What is a distributed consistency problem?

When we talk about distributed consistency problem, we refer to data consistency problem.

Data consistency

Data consistency is a concept in database system. Data consistency usually refers to the correctness and integrity of the logical relationship between associated data.

In a centralized system, because a single database handles all data requests, we can guarantee ACID data through transactions + locks.

Why is there a distributed consistency problem?

We know that distributed system has many advantages, because the system is distributed deployment of multiple machines, then there must be data replication (such as database remote disaster recovery, multi-site deployment). The demand for data replication in distributed systems comes from the following two reasons:

  • Eliminate single point of failure

    Copying data to multiple machines in a distributed deployment eliminates a single point of failure. Prevent the system from being unusable due to a machine downtime.

  • Improve system performance

    With load balancing technology, copies of data distributed in different places can all be served externally. Improves system performance.

Although data replication improves system performance and availability, how to ensure data consistency between multiple data copies (consistency problem) becomes a big problem.

We almost have no way to ensure you can update all the data in all the machines at the same time, because the network delay, even if we sent all the machines at the same time update the data request, there is no guarantee that all the request is consistent with the response time, lag, there will be some machine data inconsistency problem.

Distributed consistency model

Strong consistency

The system reads what it is asked to write;

The user experience is the best, but it is difficult to achieve, which often has a great impact on system performance.

Weak consistency

This level of consistency ensures that data can be read immediately after data is written to the system, and data consistency is guaranteed after a certain level of time (for example, seconds).

Weak consistency is divided into the following types:

  • Read and write consistency

    Users read the consistency of their own writing results, ensuring that users can always see their updated content in the first time.

    For example, if we send a circle of friends, it is not important whether the content of the circle of friends is seen by friends for the first time, but it must be displayed in their own list.

    Solution:

    Option 1: One option is to go to the main library every time for certain items. (Problem: the main library is under great pressure)

    Option 2: We set up an update window, in the latest update period, we default to read from the main library, after this window, we will select the slave library that has been updated recently to read

    Scheme 3: We directly record the updated time stamp of the user, and carry this time stamp with the request. Any slave library whose last update time is less than this time stamp will not respond.

  • Monotonic read consistency

    Each read data cannot be older than the last one.

    The data update time of the primary and secondary nodes is inconsistent. As a result, when the user refreshes the data repeatedly, sometimes the data can be refreshed. After refreshing the data again, the data may be refreshed again, just like a supernatural event.

    Solution:

    A hash value is calculated based on the user ID and mapped to the machine using the hash value.

    The same user will only be mapped to the same machine no matter how much it is refreshed. This ensures that you don’t read content from other libraries and have a bad user experience.

  • Causal consistency

    If node A notifies node B after updating some data, node B’s subsequent access to and modification of that data is based on A’s updated value.

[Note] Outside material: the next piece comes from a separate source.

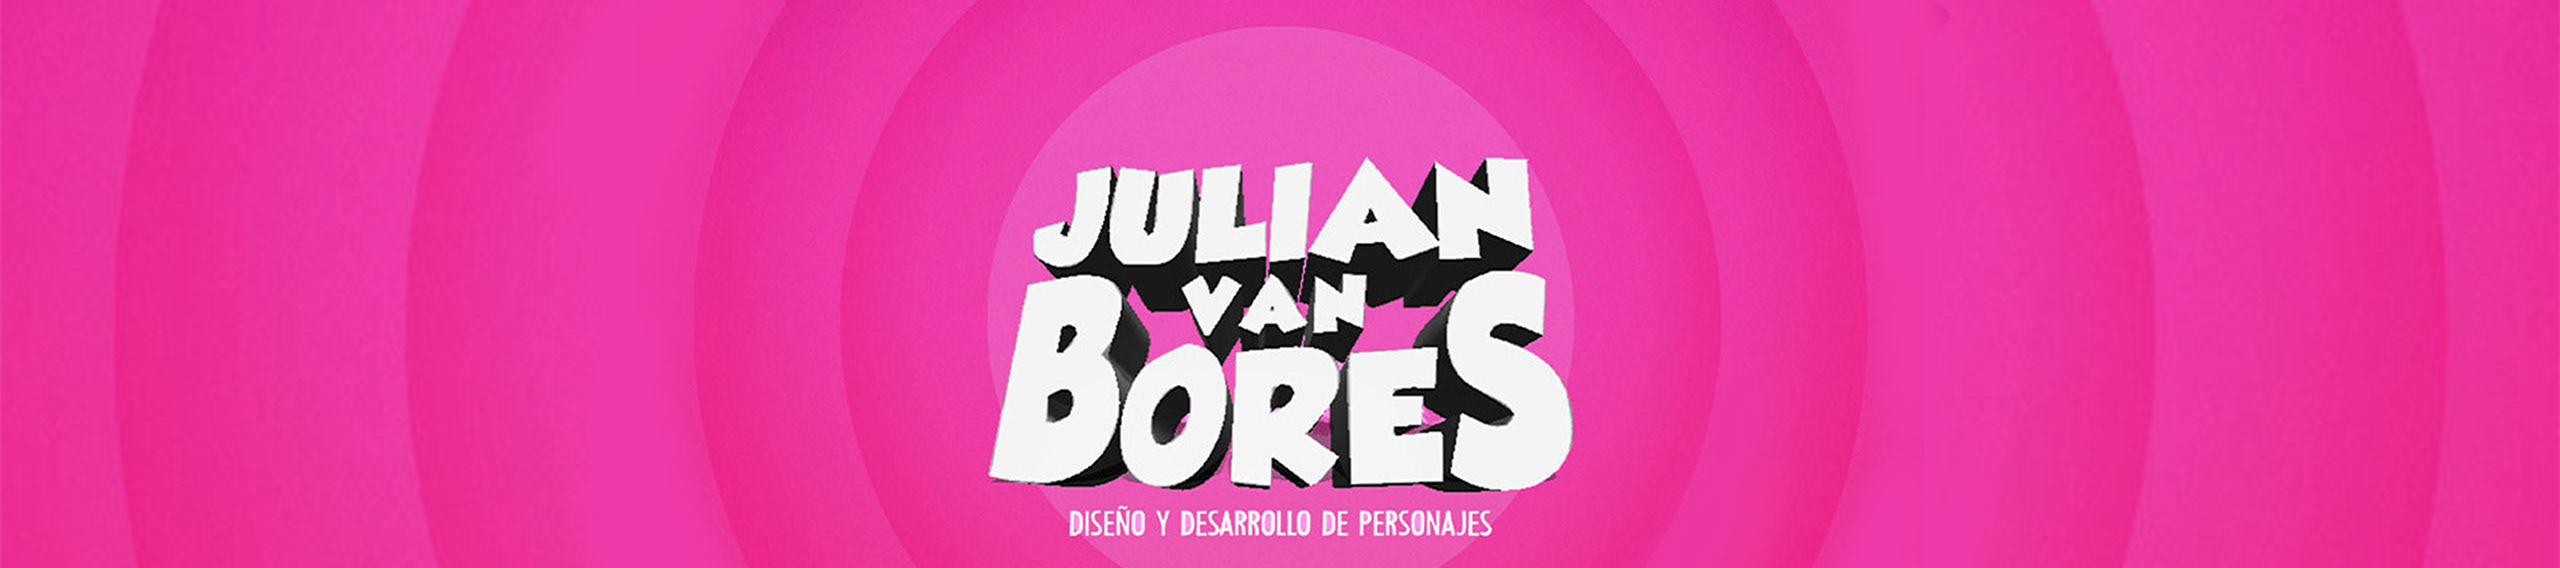 Julian Van Bores's profile banner

    Meanwhile, data access of node C, which has no causal relationship with node A, has no such restriction.

  • Final consistency

    The final consistency is the weakest of all distributed consistency models. Can be considered the “weakest” consistency without any optimization.

    It means that I don’t take into account the effects of all intermediate states, only that after a certain period of time, when there are no new updates, the data in all copies of the system will be correct.

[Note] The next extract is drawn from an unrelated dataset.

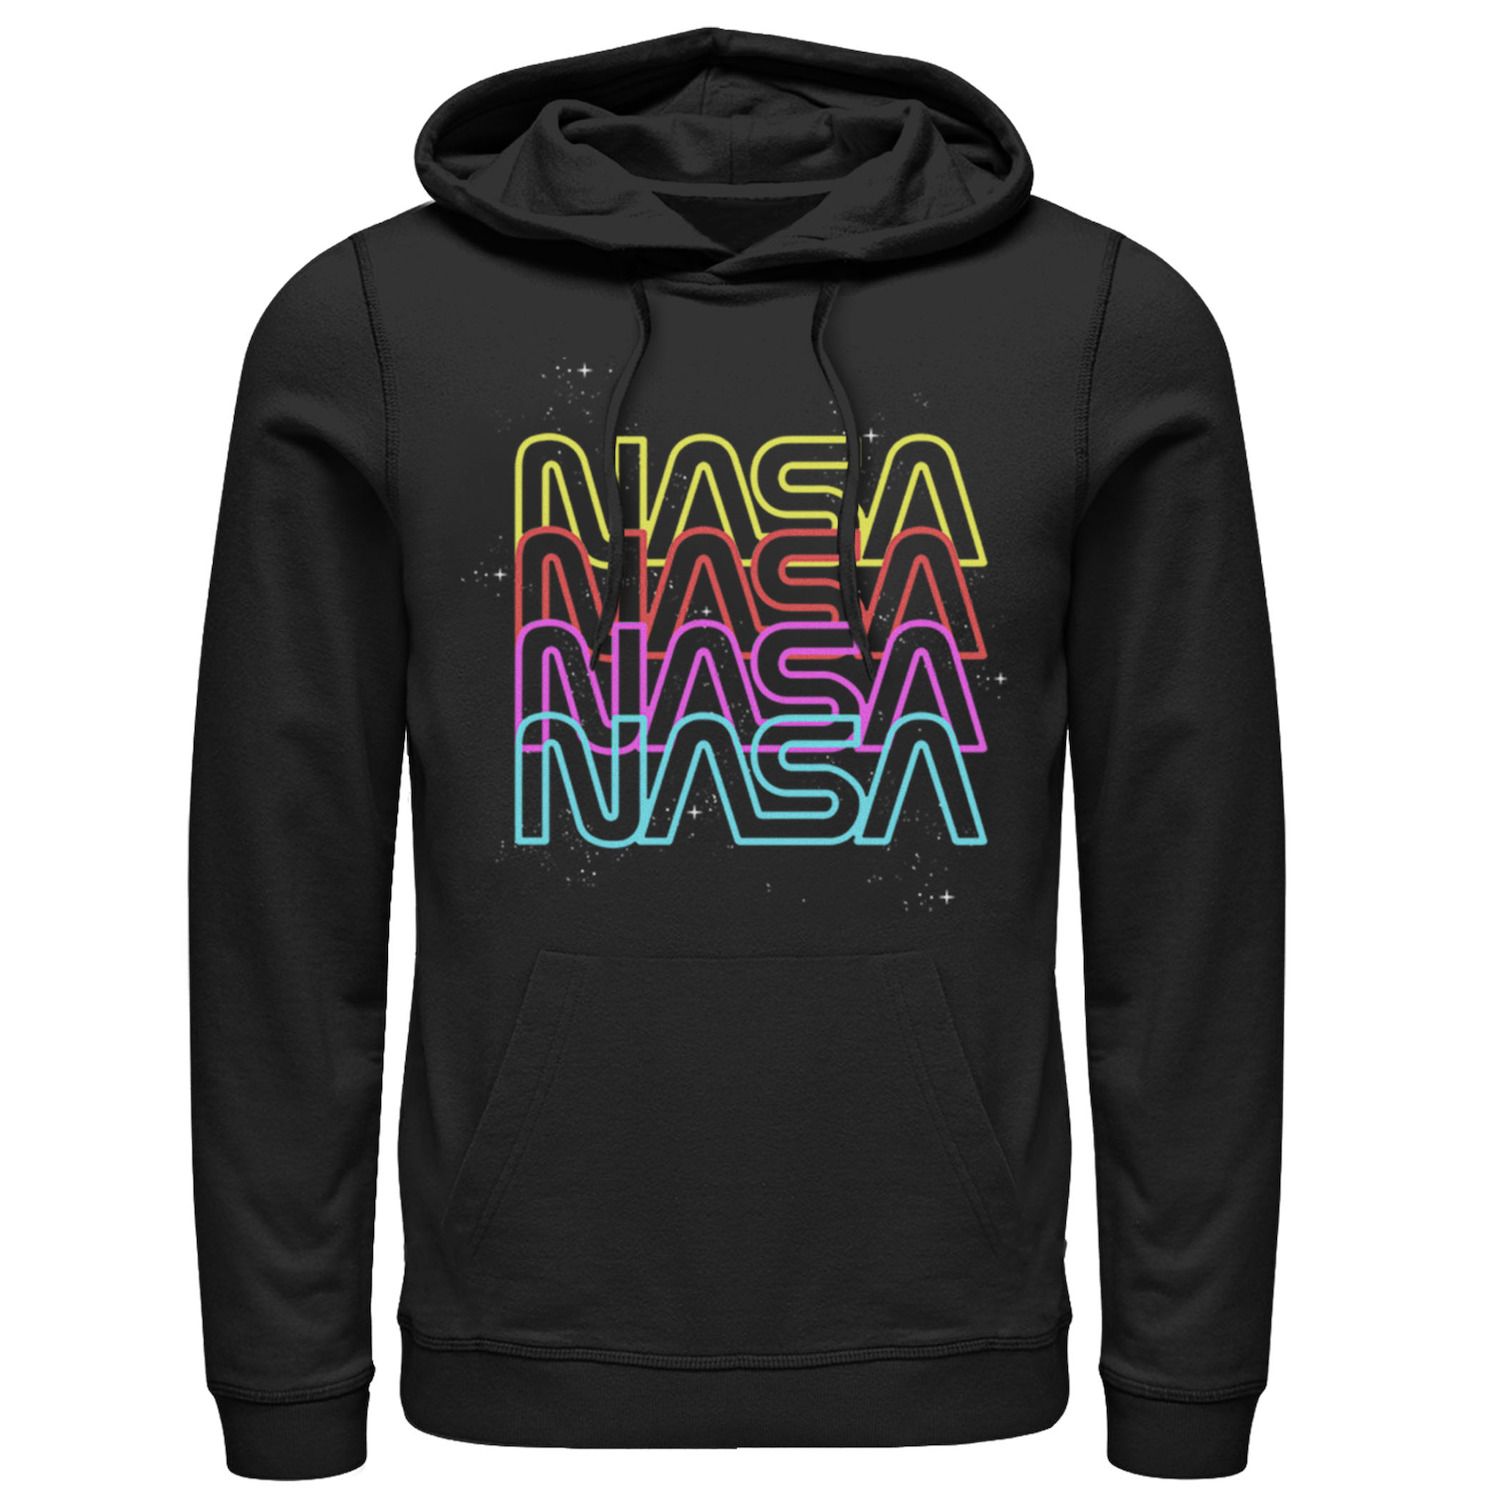 Мужская худи с графическим рисунком и неоновым логотипом NASA NASA Licensed Character

    It guarantees the concurrency capability of the system to the greatest extent, and therefore, it is the most widely used consistency model in high concurrency scenarios.

Distributed consistency solutions

As a difficult problem to be ignored in distributed system, a large number of consistency protocols and algorithms have emerged in the research and exploration for a long time, including the well-known 2PC (two-stage submission protocol), 3PC (three-stage submission protocol) and Paxos algorithm.